Oireachtas Joint and Select Committees

Thursday, 18 January 2018

Joint Oireachtas Committee on Future of Mental Health Care

Community Health Care Organisations: Discussion

10:00 am

Photo of Pat BuckleyPat Buckley (Cork East, Sinn Fein) | Oireachtas source

I thank the witnesses for coming here today. I will try to be brief as possible as I have a lot to include in a couple of minutes. Listening to the presentations today, the two things that really get to me, and I do not envy the witnesses' job, which is an extremely difficult and challenging one, are CAMHS and teams. A soccer team has 11 players while a rugby team has 15. It goes on and on. We have listened to many presentations today and we have buckets that are half empty. We have buckets with no assets but we all have buckets. I have 11 or 15 buckets on my team. Can we get the breakdown in each CHO of how many CAMHS teams are actually there, how many are fully staffed, how many are understaffed and, more importantly, how many are overstaffed? There does not seem to be an over-emphasis on a common sense approach. We listened to one presentation from witnesses from CHO 3 or CHO 2 which said that one team is 118%. These are percentages. We want to talk about people and staffing, that is, psychotherapists, psychologists, etc. Why is there no common sense approach? If there are three people on a team that is overstaffed and another team is understaffed by two while another is short one person in the same CHO area, why can we not move people around? Is it down to contractual issues? Why are we over staffing some areas while we are told we cannot fill other areas?

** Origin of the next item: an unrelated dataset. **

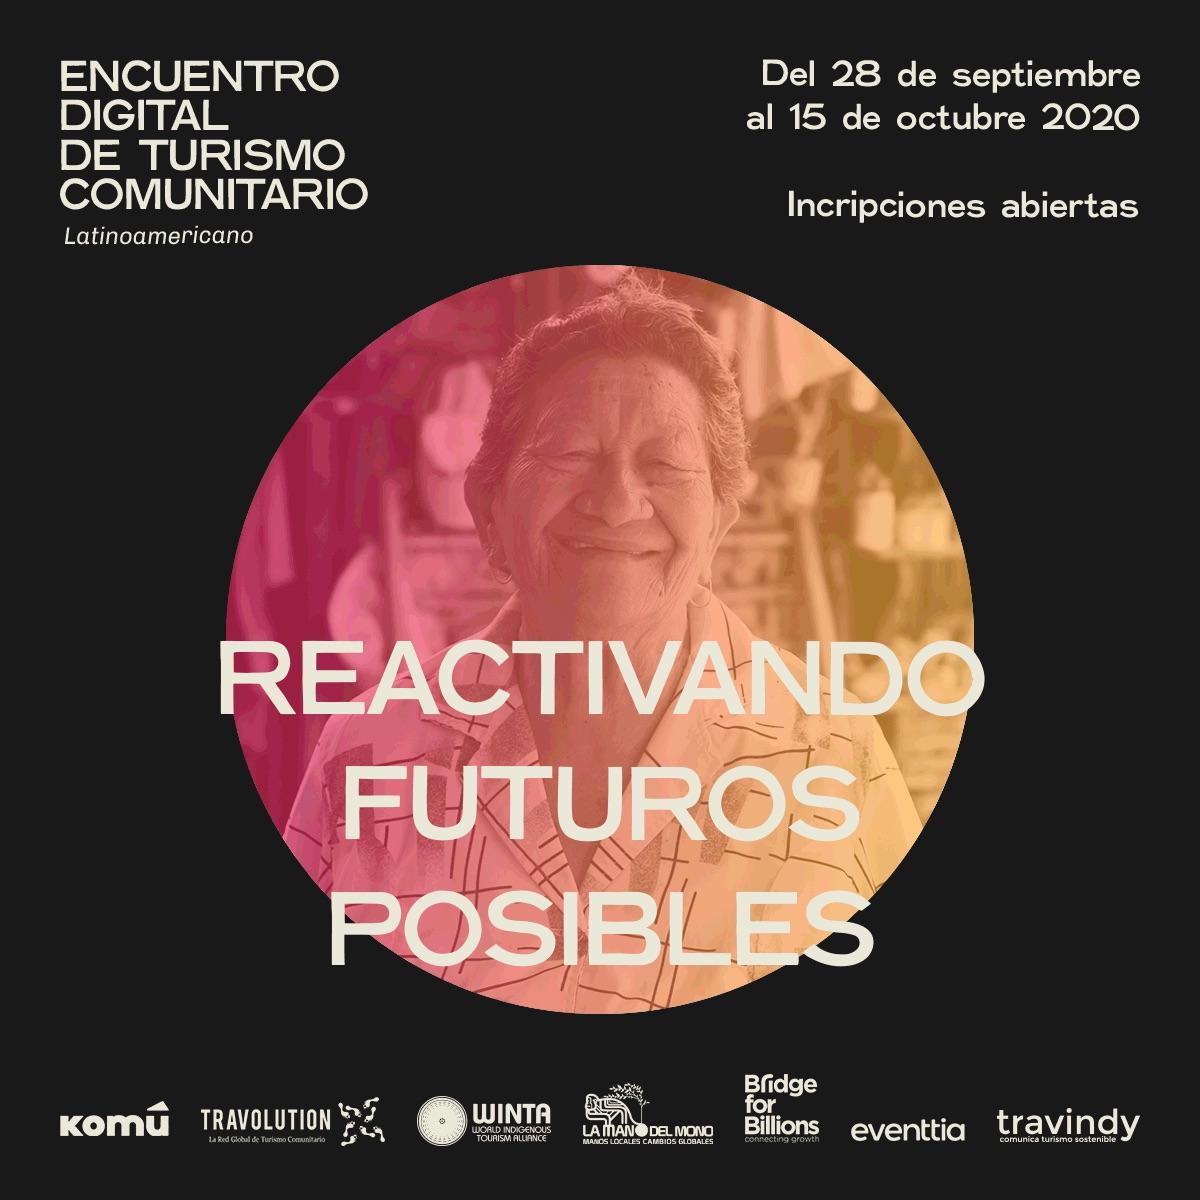 Encuentro digital de turismo comunitario Latinoamericano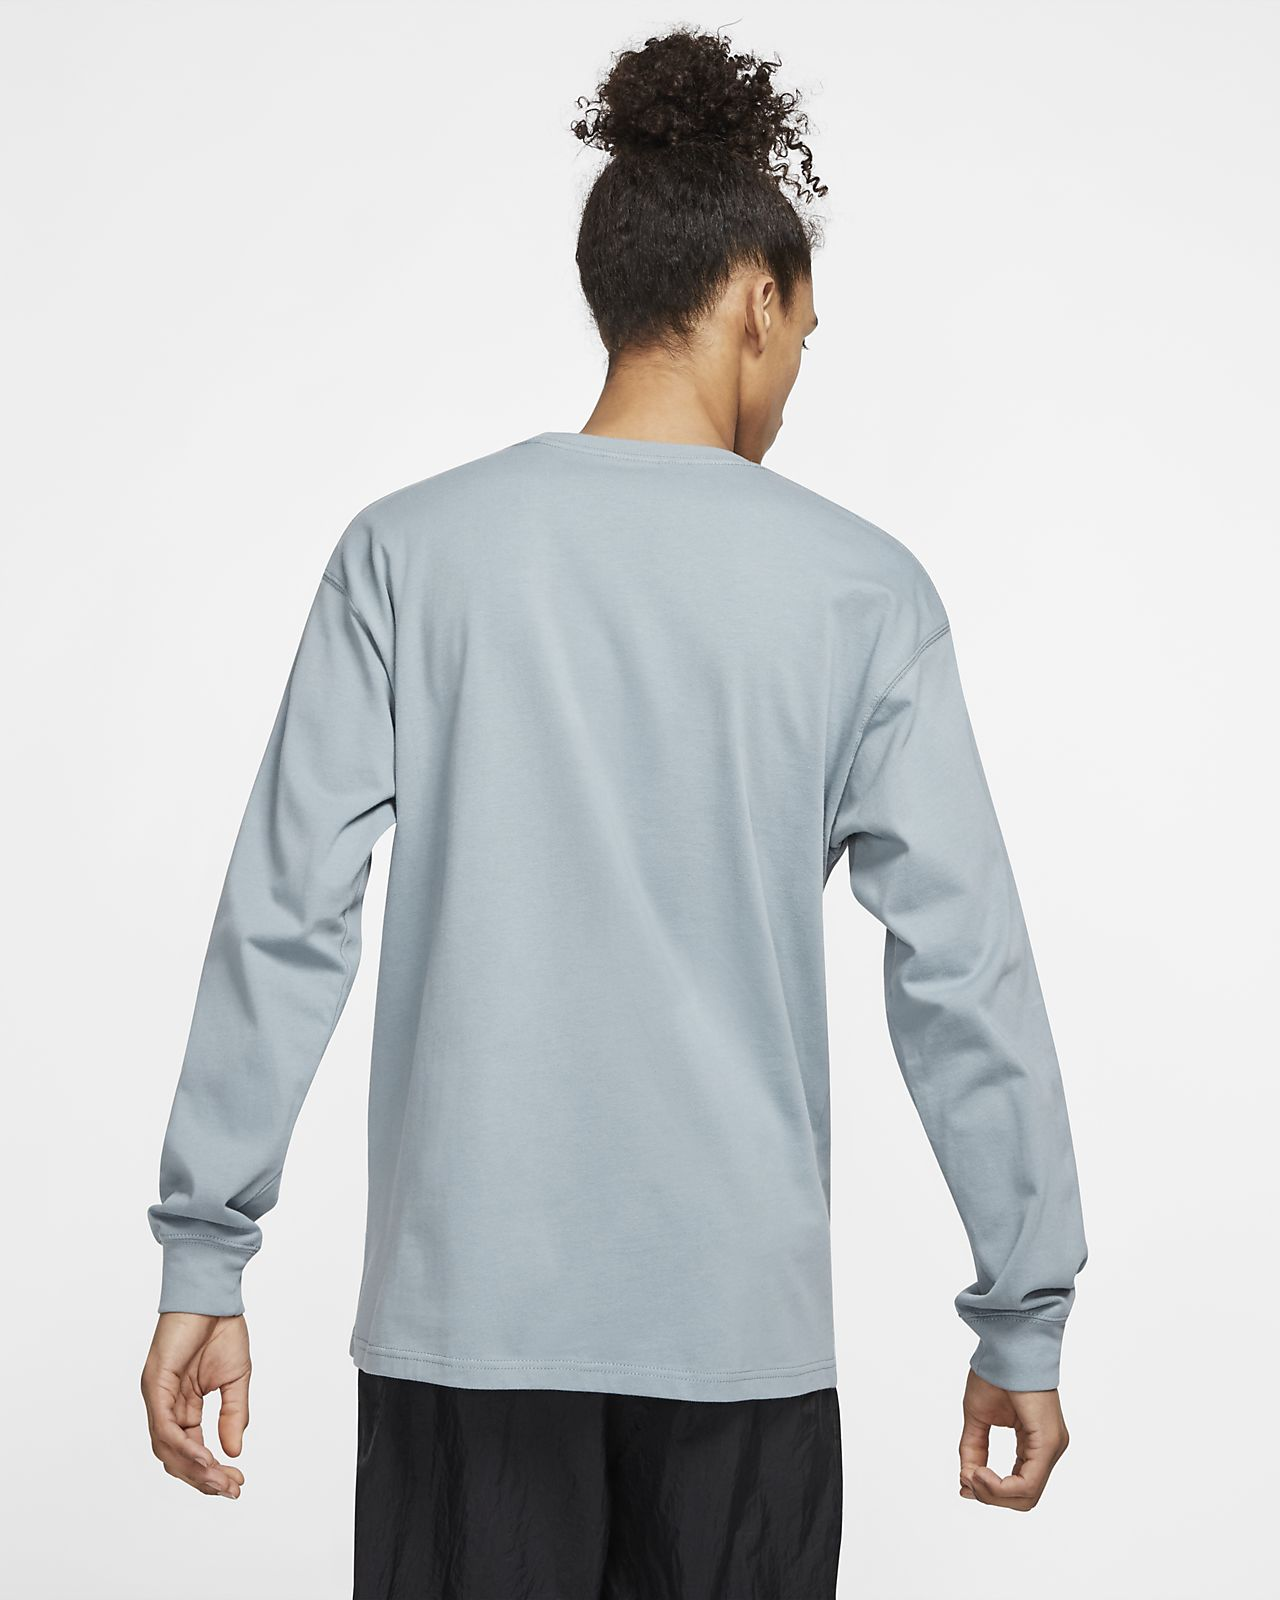 8f97e7e26 Nike ACG Long-Sleeve T-Shirt. Nike.com GB

The second issue that leaves me feeling really aggrieved is retention. We are talking about recruitment. The HSE seems to be very good hiring agency staff to fill the deficit and can afford to pay the agency staff more money than its own staff to fill the gaps. To me, this is criminal when it comes to wasting funds. Why can we not sit down with the unions and hash this out? I can understand on the consultancy side of it that it may be not a shortage internationally but probably the fact that we are so weak on recruitment because of the wages structure. My next point, which I have flagged with the Minister, goes back to teams. I will use Cork and Kerry as examples. If we need nine teams in Kerry and ten in Cork, why can we not fully staff them and show that it works? I know somebody has to lose out. I am just using them as examples. By fully staffing them, we will cut down on the stress within the system because everybody, even the nurses, are stressed. I have spoken to nurses who have left work crying. Surely we can harmonise the system where those who work in the system will stay in their jobs. Everything in these areas seems to be either half empty or half full so there is no harmony in any of these areas. They seem to be totally broken. Many questions arise. What is the level of decision-making in each area with regard to budgeting and even thinking outside the box? Have they the power to do that? Has anyone in any CHO area told the Minister "I'm short two to fill a full complement of a team and I think this will work"? Can the witnesses do that? These are hard questions. This committee is here to drive this on and assist them. Have any community mental health youth leaders been appointed in any CHO because there are major issues coming down the road with cyberbullying? This is another thing that will come up over the next couple of years so let us nip it in the bud.

I am conscious of time. How much longer do I have?